In 1892 Pauline recited at a concert put on by the young Men’s Liberal Club of Toronto.   She was an “instant” success. Her stage career was launched. From there she went on to perform all across Canada, mostly one-night stands in little whistle-stop towns, but also in the cities of Toronto, Montreal, Winnipeg and Halifax. Her goal in the beginning had been to raise enough money to travel to London, England in search of a publisher for her book of poetry. Two years later she had saved enough and struck out for England armed with letters of introduction to the Canadian High Commissioner, the Marquis of Lorne and the Marquis of Dufferin, who, with his wife, became her patron. She was soon entertaining audiences in the drawing rooms of Hanover Square, and reciting for the King and Queen.

But her main purpose in visiting London was to find a publisher for her book of poetry. Within a few months she had the necessary introductions and met John Lane, the publisher of Oscar Wilde, John Davidson, Kenneth Grahame, and others. Into this august company, came E. Pauline Johnson with her little book of poetry, The White Wampum. Quite an accomplishment for a “colonial” let alone a woman of mixed blood, and scanty education.

Although her objective of finding a publisher had been accomplished, Pauline soon learned that she needed to continue with her stage career in order to promote the sales of her poetry. For the next sixteen years she undertook a gruelling schedule criss-crossing Canada, with some forays into the United States and another trip to England. She acted as interpreter for a delegation of chiefs from the Vancouver area who sought an audience with King Edward VII to outline their grievances against white settlement that encroached on their reserves.

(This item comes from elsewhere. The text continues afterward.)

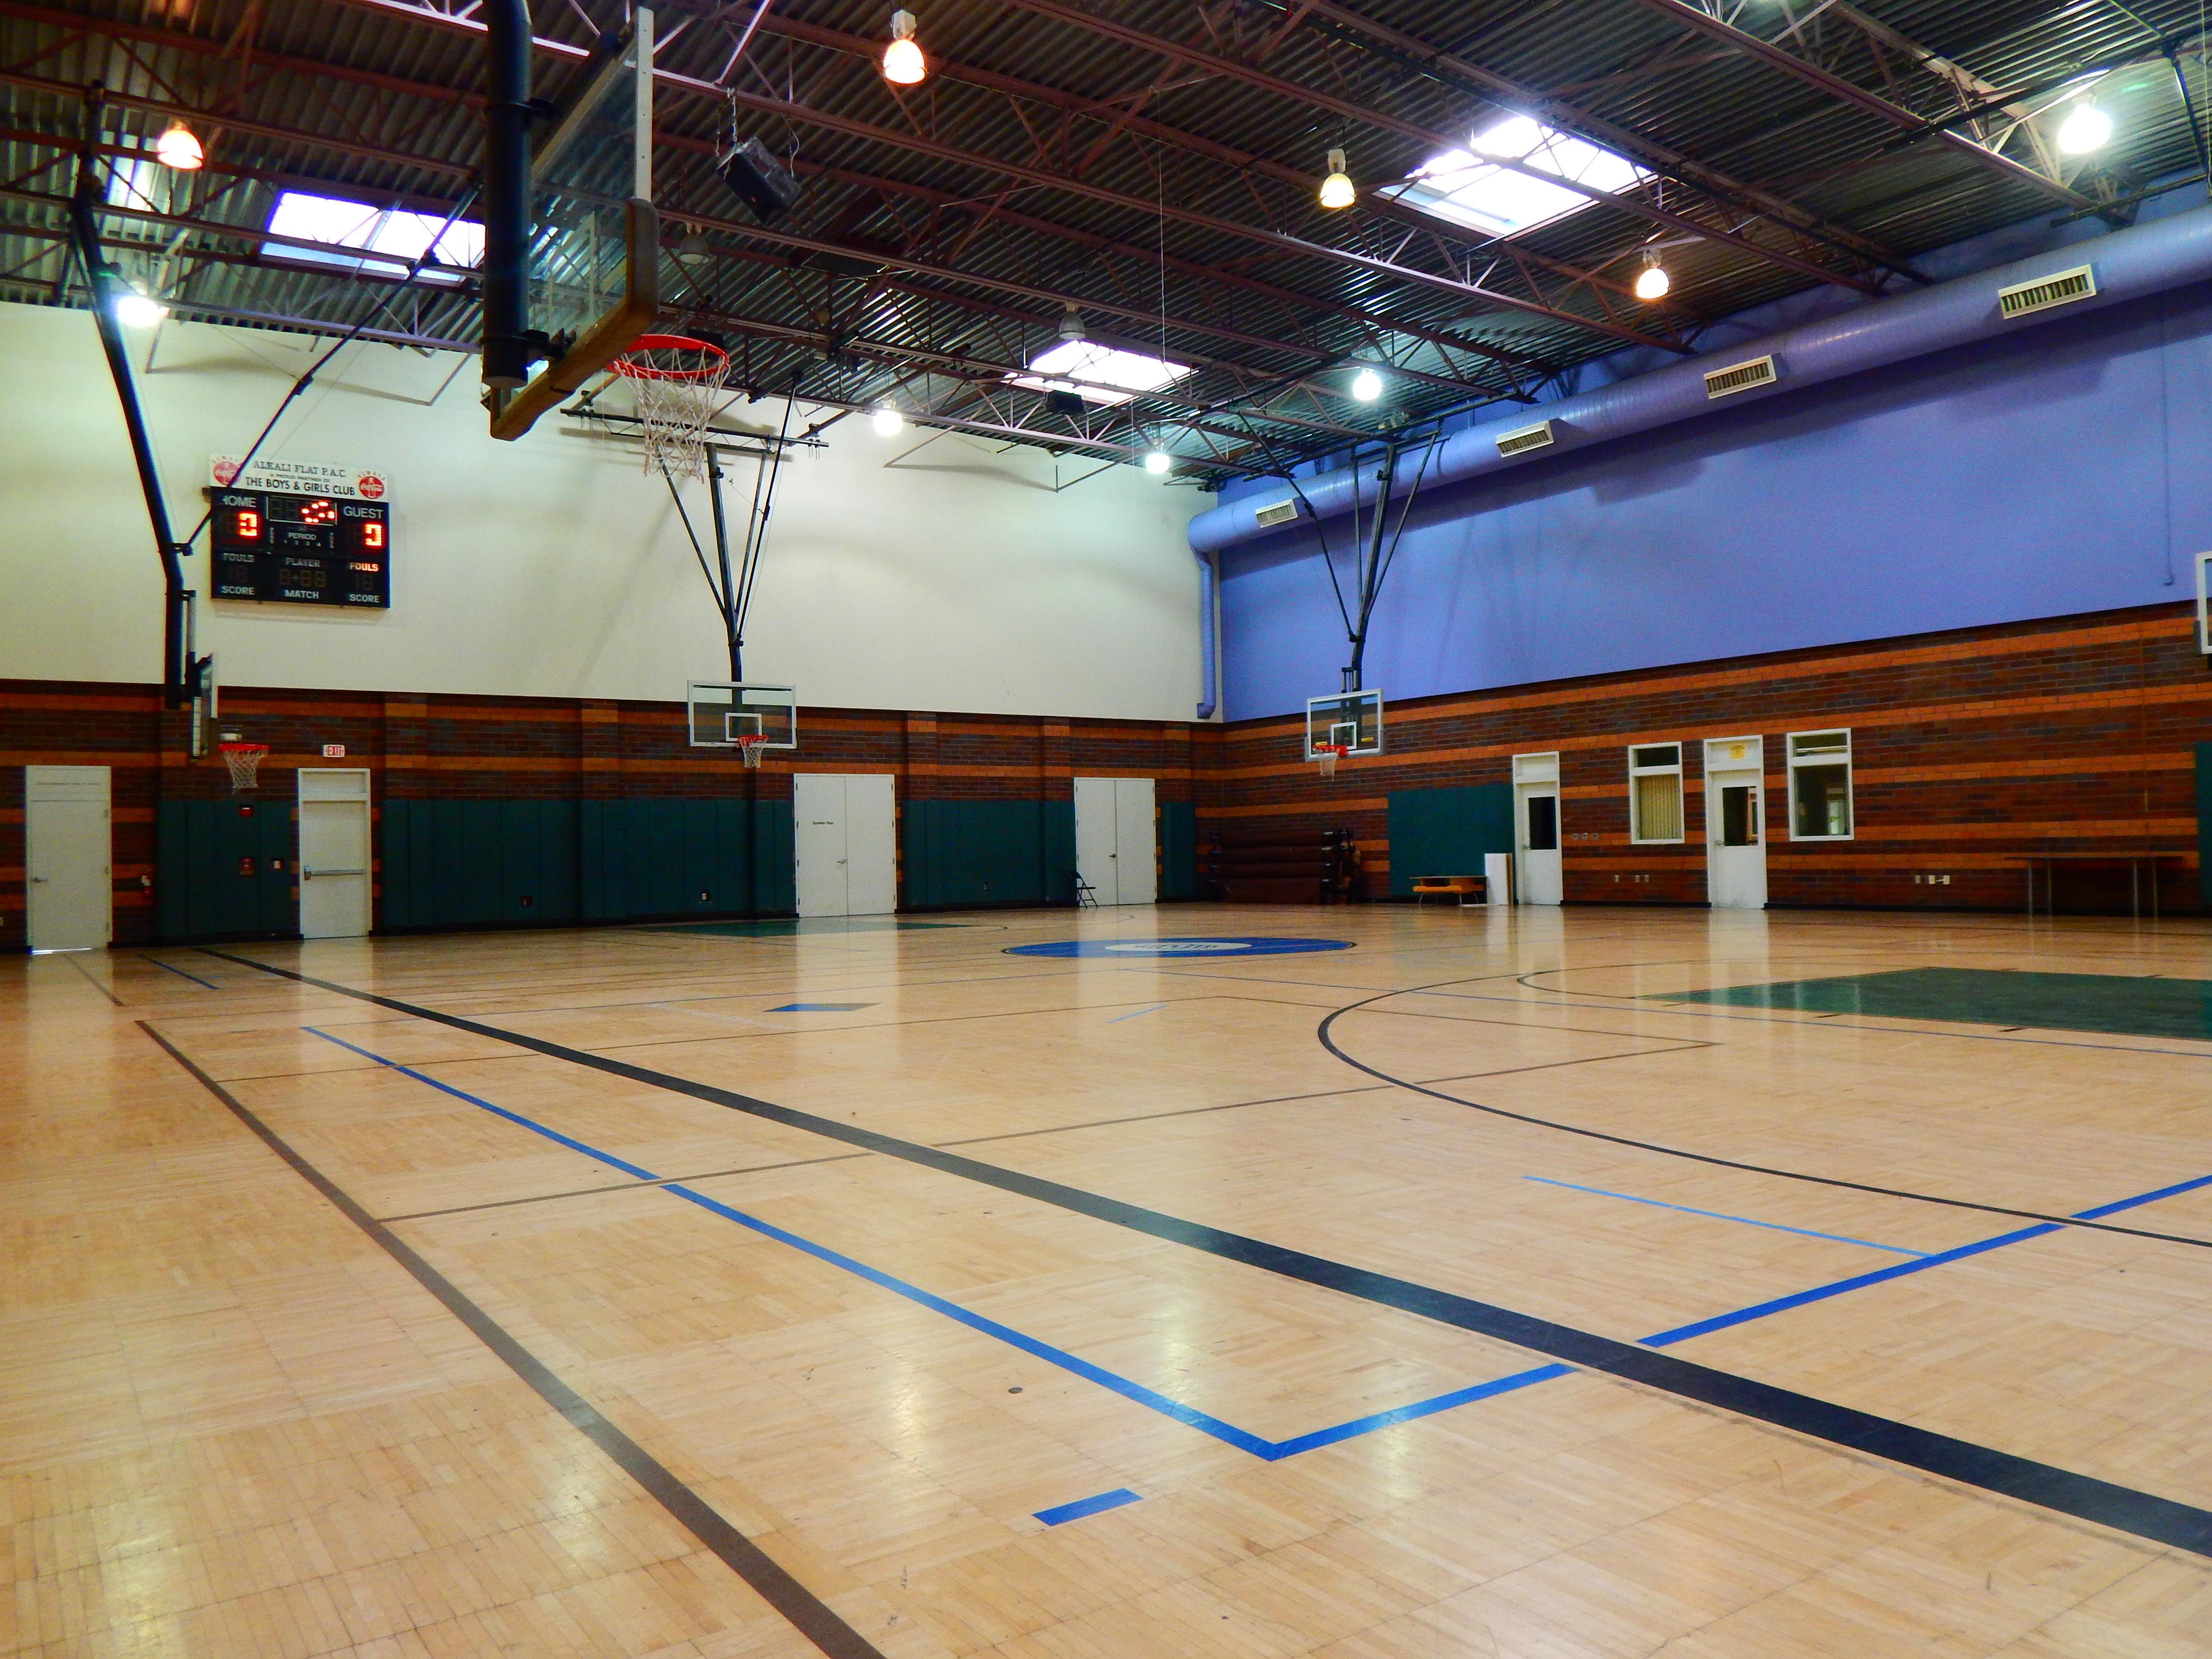 Raley Gymnasium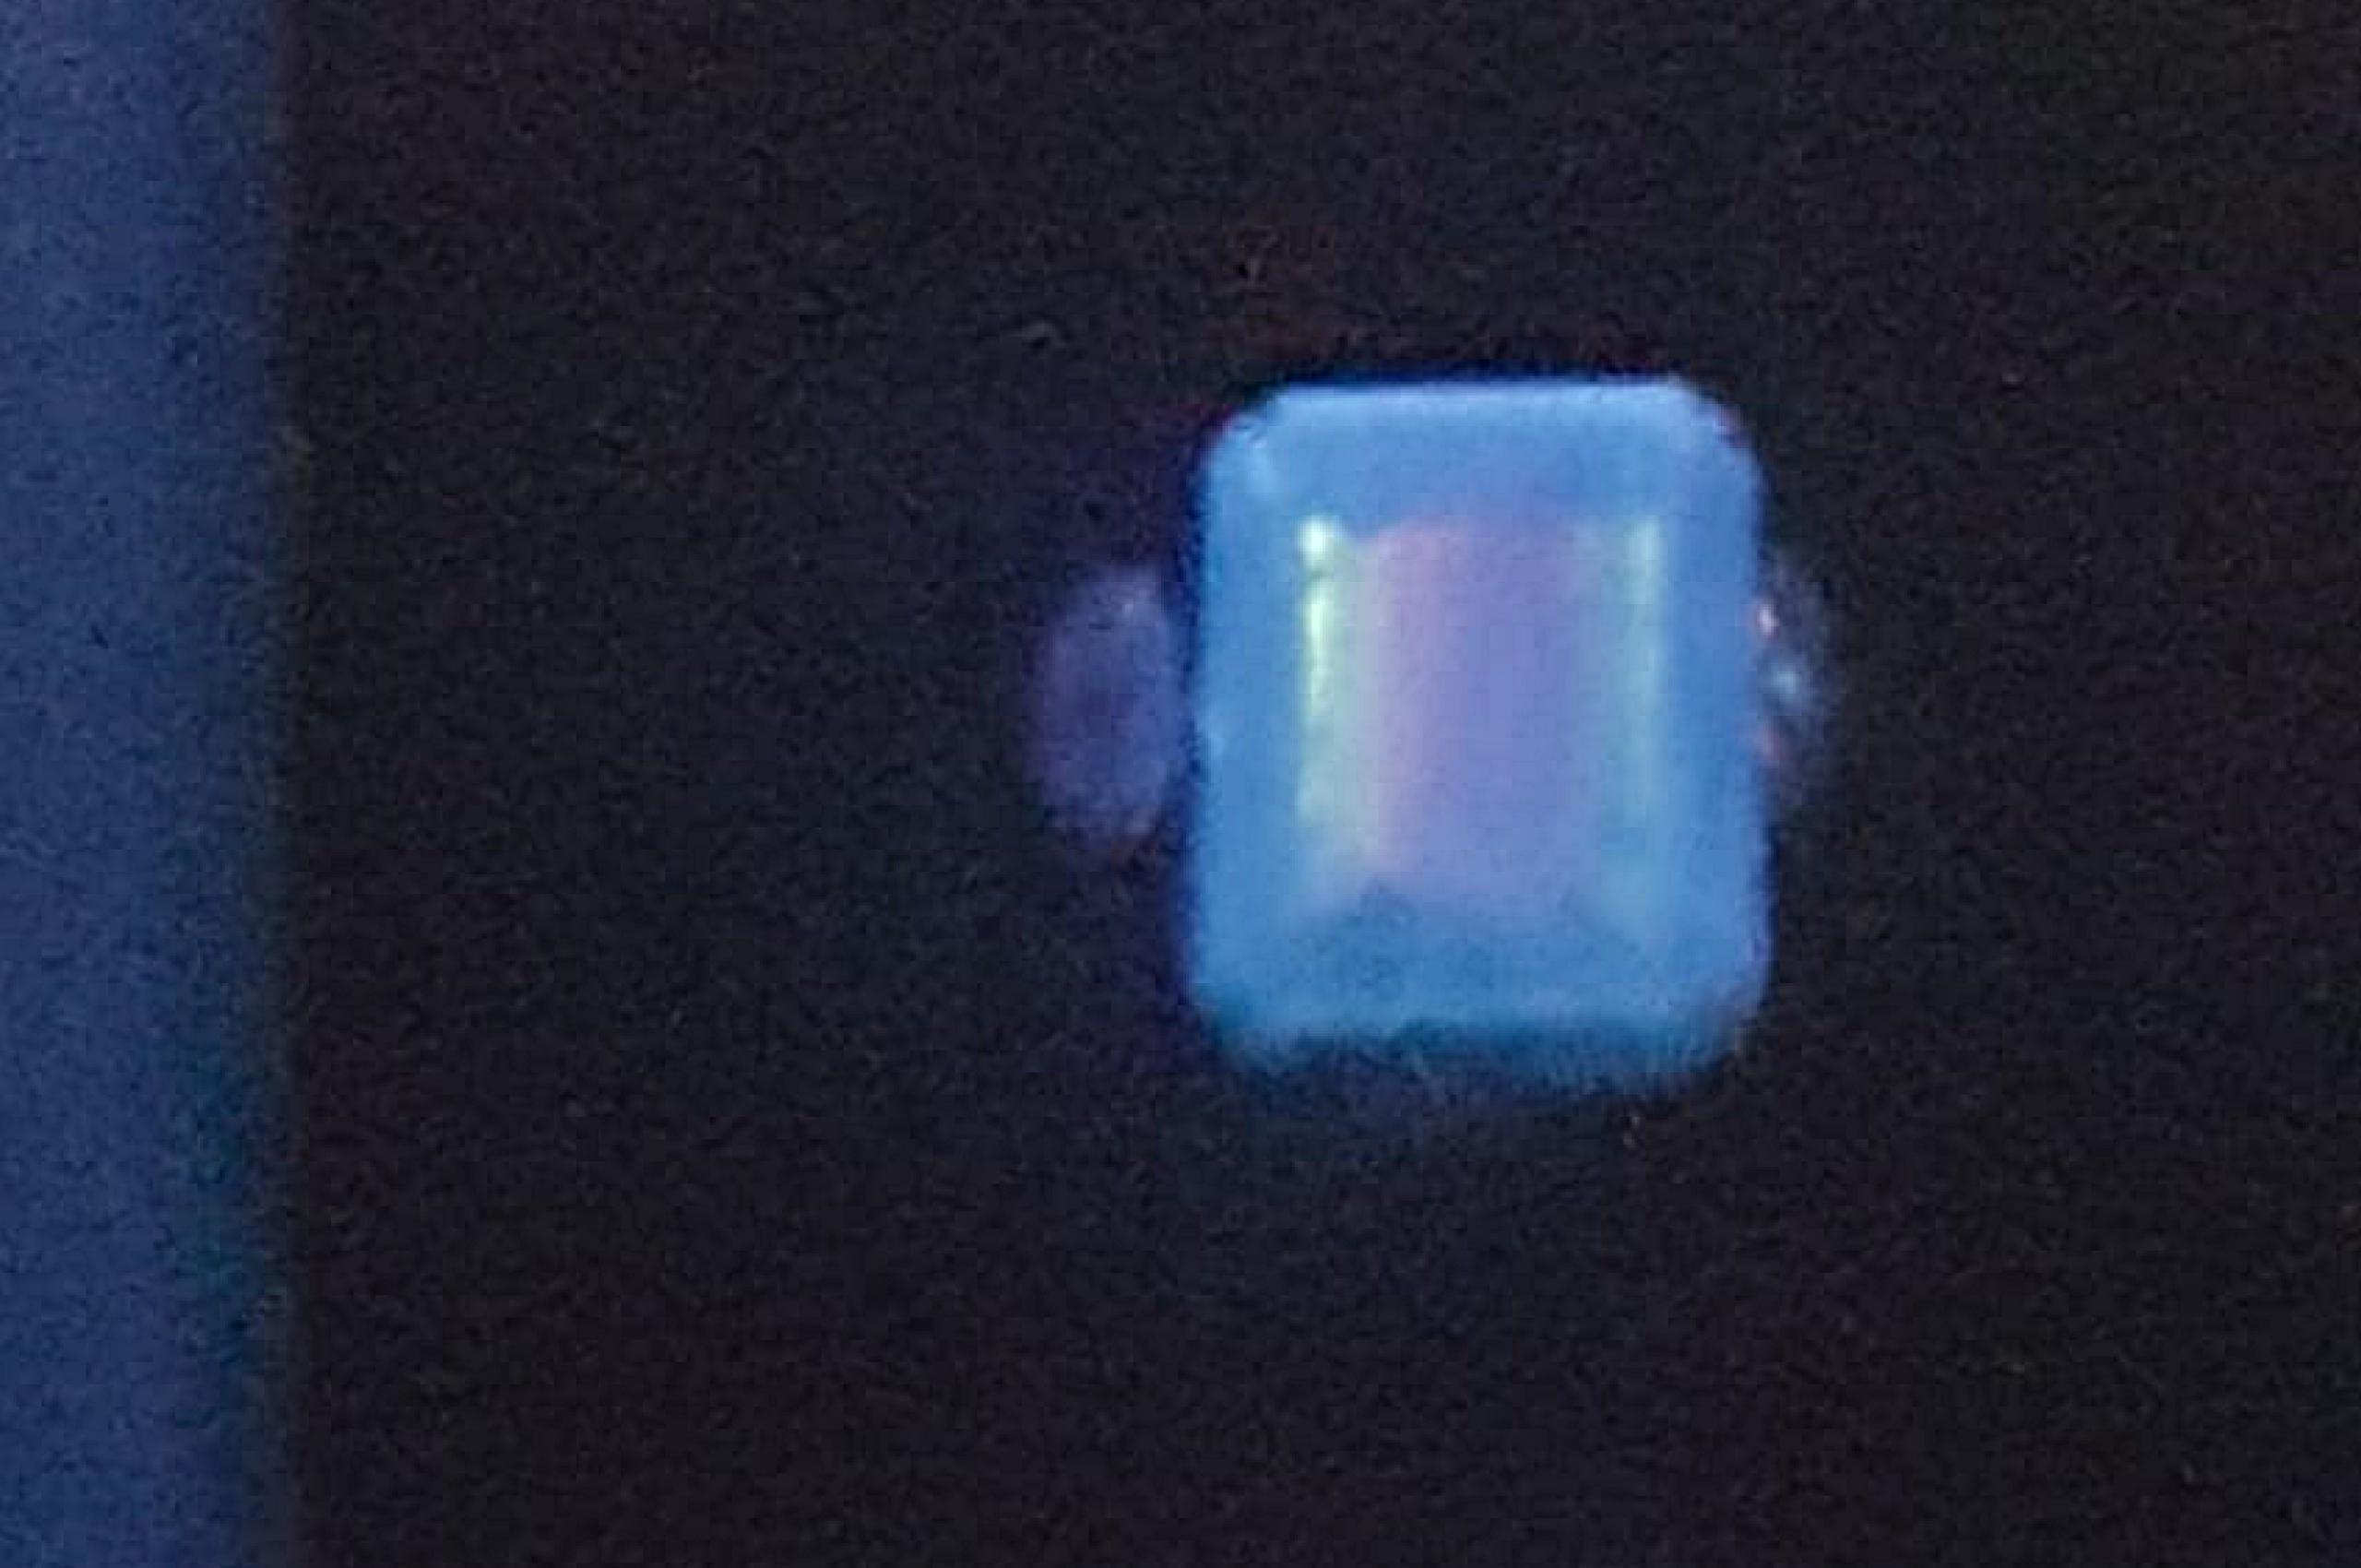 Glass, Imitation of Emerald, Short wave fluorescence. Photo by Fausta Aidala

Wherever she went Pauline inspired admiration and loyalty, but romance eluded her. She was betrothed to Charles Drayton but his socially conscious family objected to the match and he eventually cried off. She fell in love with a swindler, Charles Wurz, who stole her money and then abandoned her. It is a testament to her personality that when she was dying, penniless in Vancouver and too ill to work, her friends took it upon themselves to publish a collection of her poems, and thus provide her with an income. Society matrons, her first manager, stage partners, prominent businessmen, high-ranking politicians, all rallied to help Pauline Johnson.  Flint and Feather was published in 1912 and her champions went on a marketing campaign that secured sufficient funds to care for Pauline until she died. When she passed away of breast cancer at the age of 52 in 1913, mourners lined the street as her cortege made the three-block journey to Christ Church Cathedral. Every flag in the city flew at half-mast. In accordance with her wishes, her ashes are buried in Stanley Park. She did not wish for a memorial but in 1922 the Women’s Canadian Club raised the money and erected a stone to mark her grave.

Pauline Johnson was not the woman chosen to be on Canada’s newest $10.00 bill, but she was a remarkable woman who made her own way and lived her own dreams in an age when “ladies” were expected to bow to male authority and confine themselves to the home. She proclaimed her Indian blood proudly at a time when First Nations people were excluded from many parts of Canadian life. Her most famous poem, The Song My Paddle Sings, was memorized by generations of Canadian school children, including me.

I’m so glad my book club pushed me to read the biography of this remarkable author.